━━━━━ Record excerpts ━━━━━

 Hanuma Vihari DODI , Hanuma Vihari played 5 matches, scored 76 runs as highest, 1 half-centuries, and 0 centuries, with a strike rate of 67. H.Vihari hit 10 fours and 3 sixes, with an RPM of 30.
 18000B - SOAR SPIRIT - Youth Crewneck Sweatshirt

━━━━━
━━━━━ Record excerpts ━━━━━

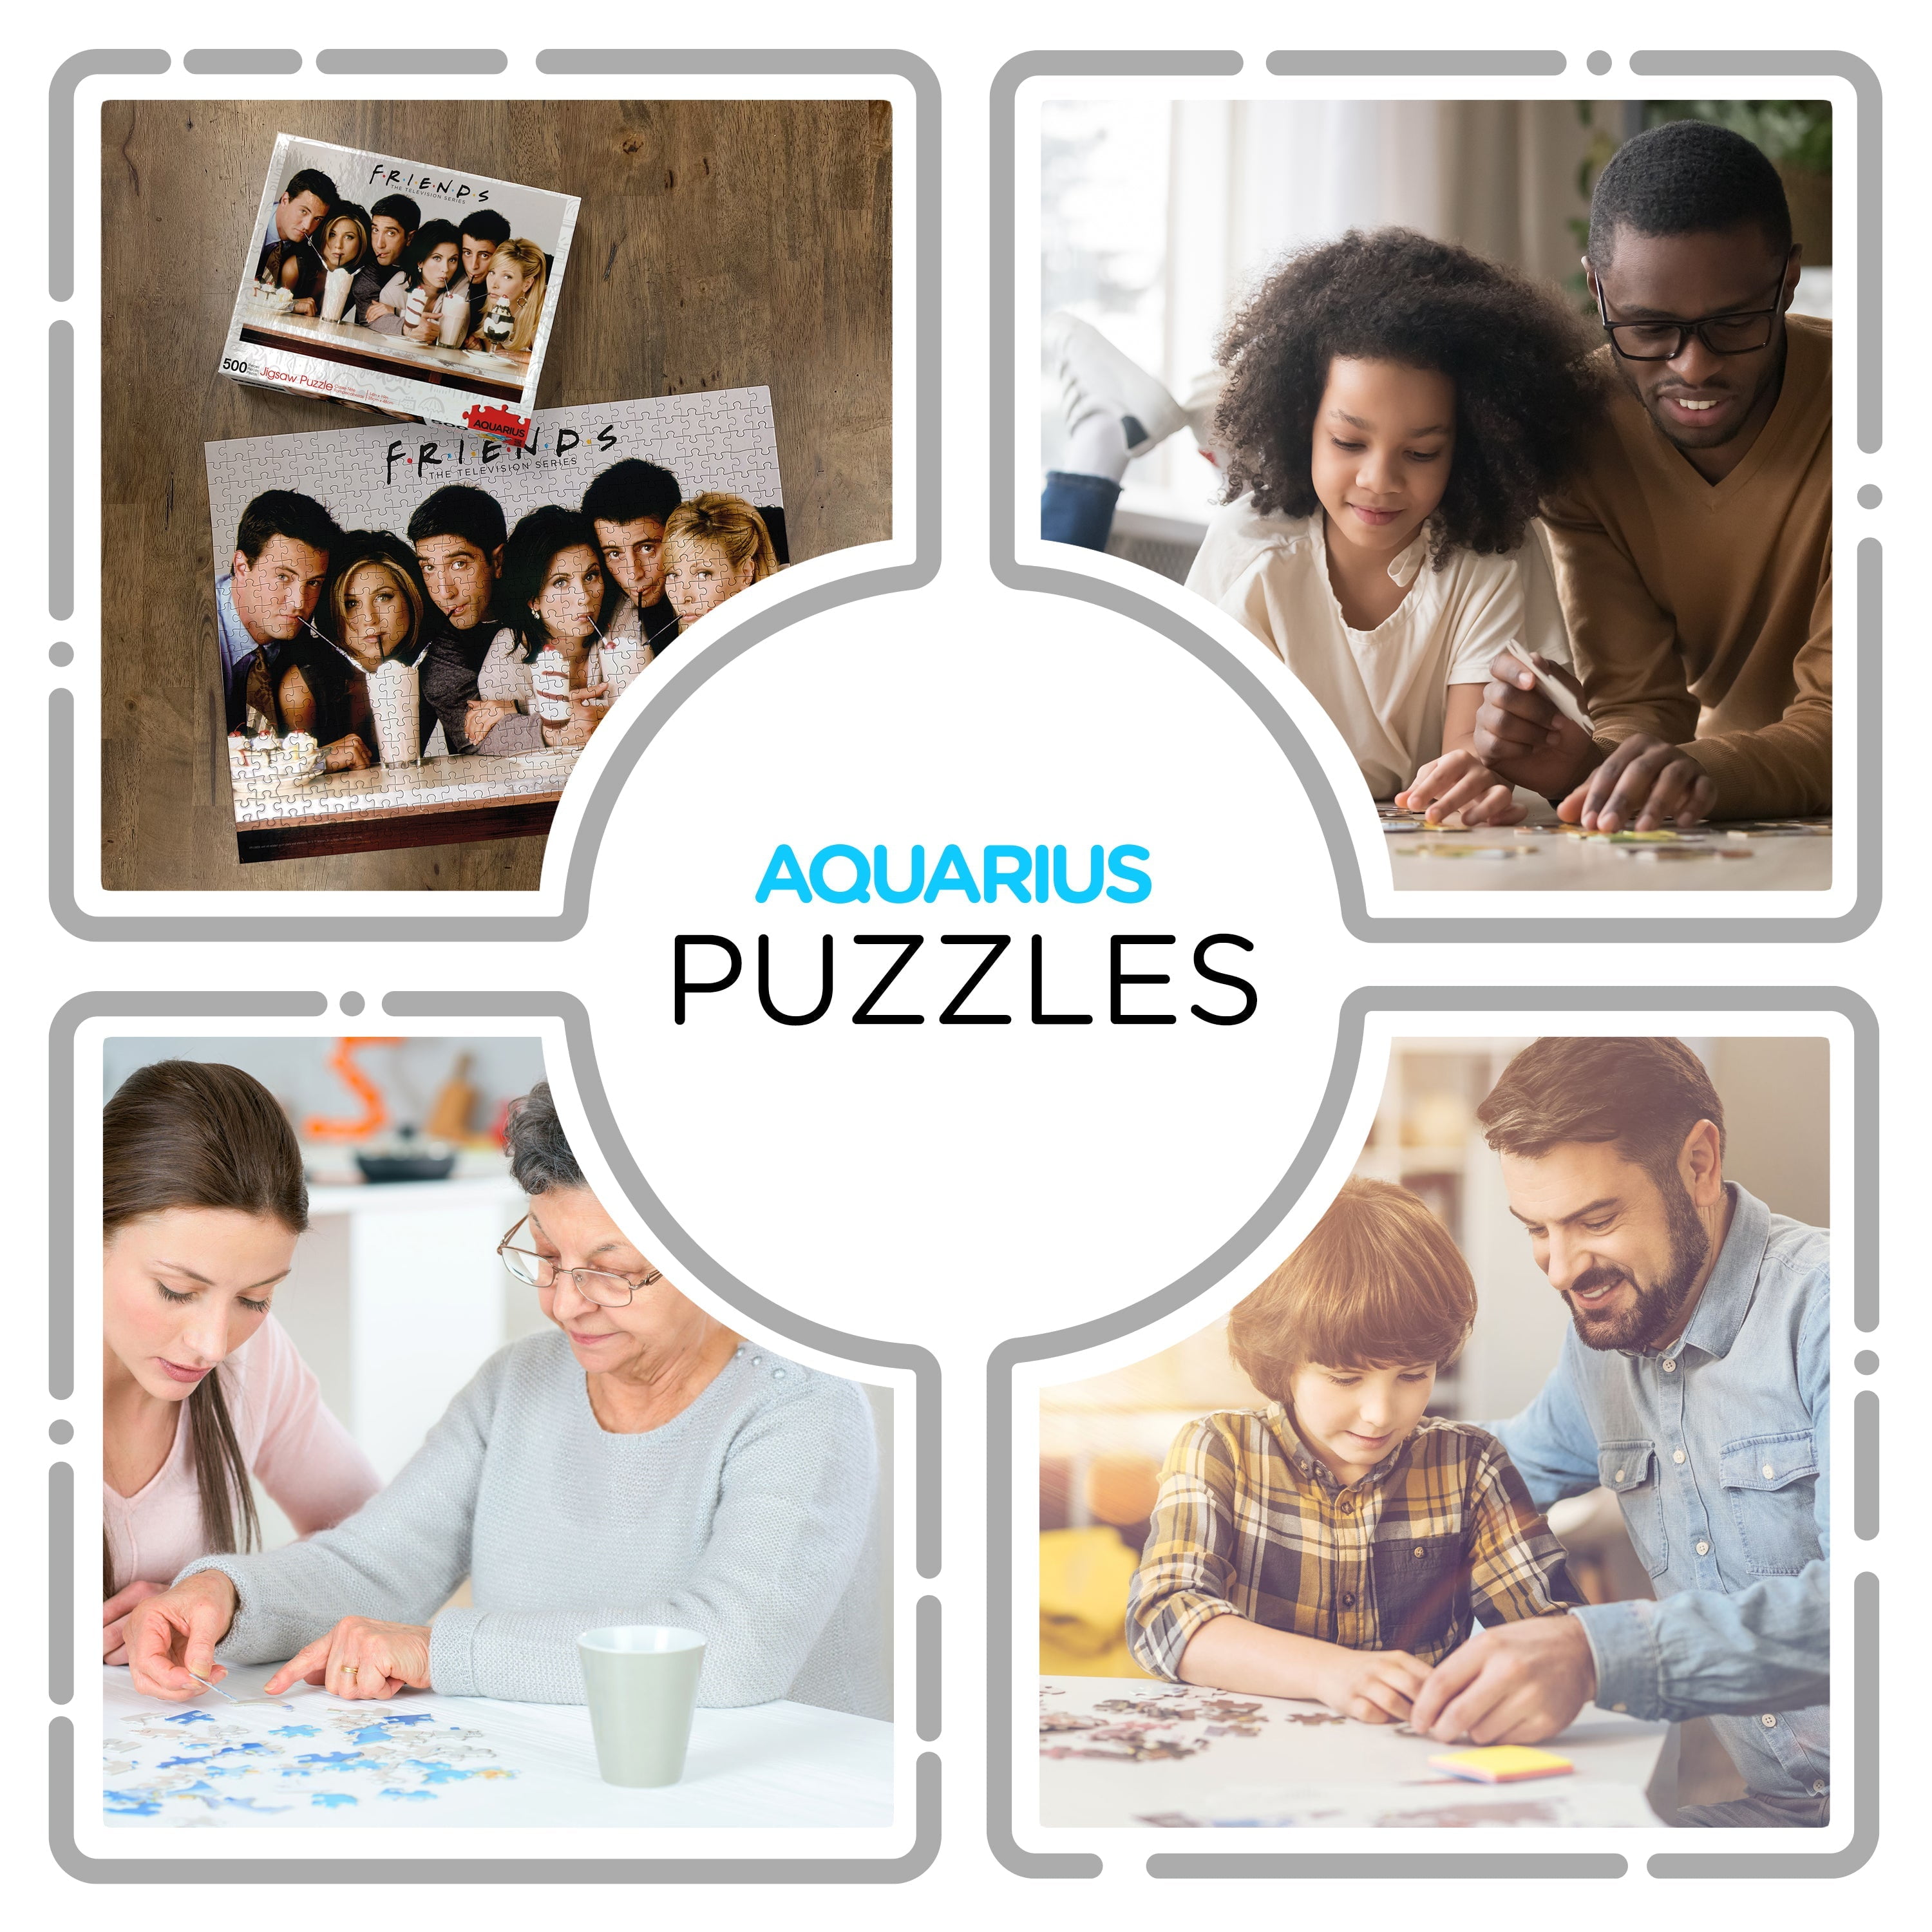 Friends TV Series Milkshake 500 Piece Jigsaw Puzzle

━━━━━

• **Work to complete**
Within the listing above, give again exactly every line from the line with "Hanuma Vihari DODI" through the line with "18000B - SOAR", both included, and no other line.

• **Solution**
 Hanuma Vihari DODI , Hanuma Vihari played 5 matches, scored 76 runs as highest, 1 half-centuries, and 0 centuries, with a strike rate of 67. H.Vihari hit 10 fours and 3 sixes, with an RPM of 30.
 18000B - SOAR SPIRIT - Youth Crewneck Sweatshirt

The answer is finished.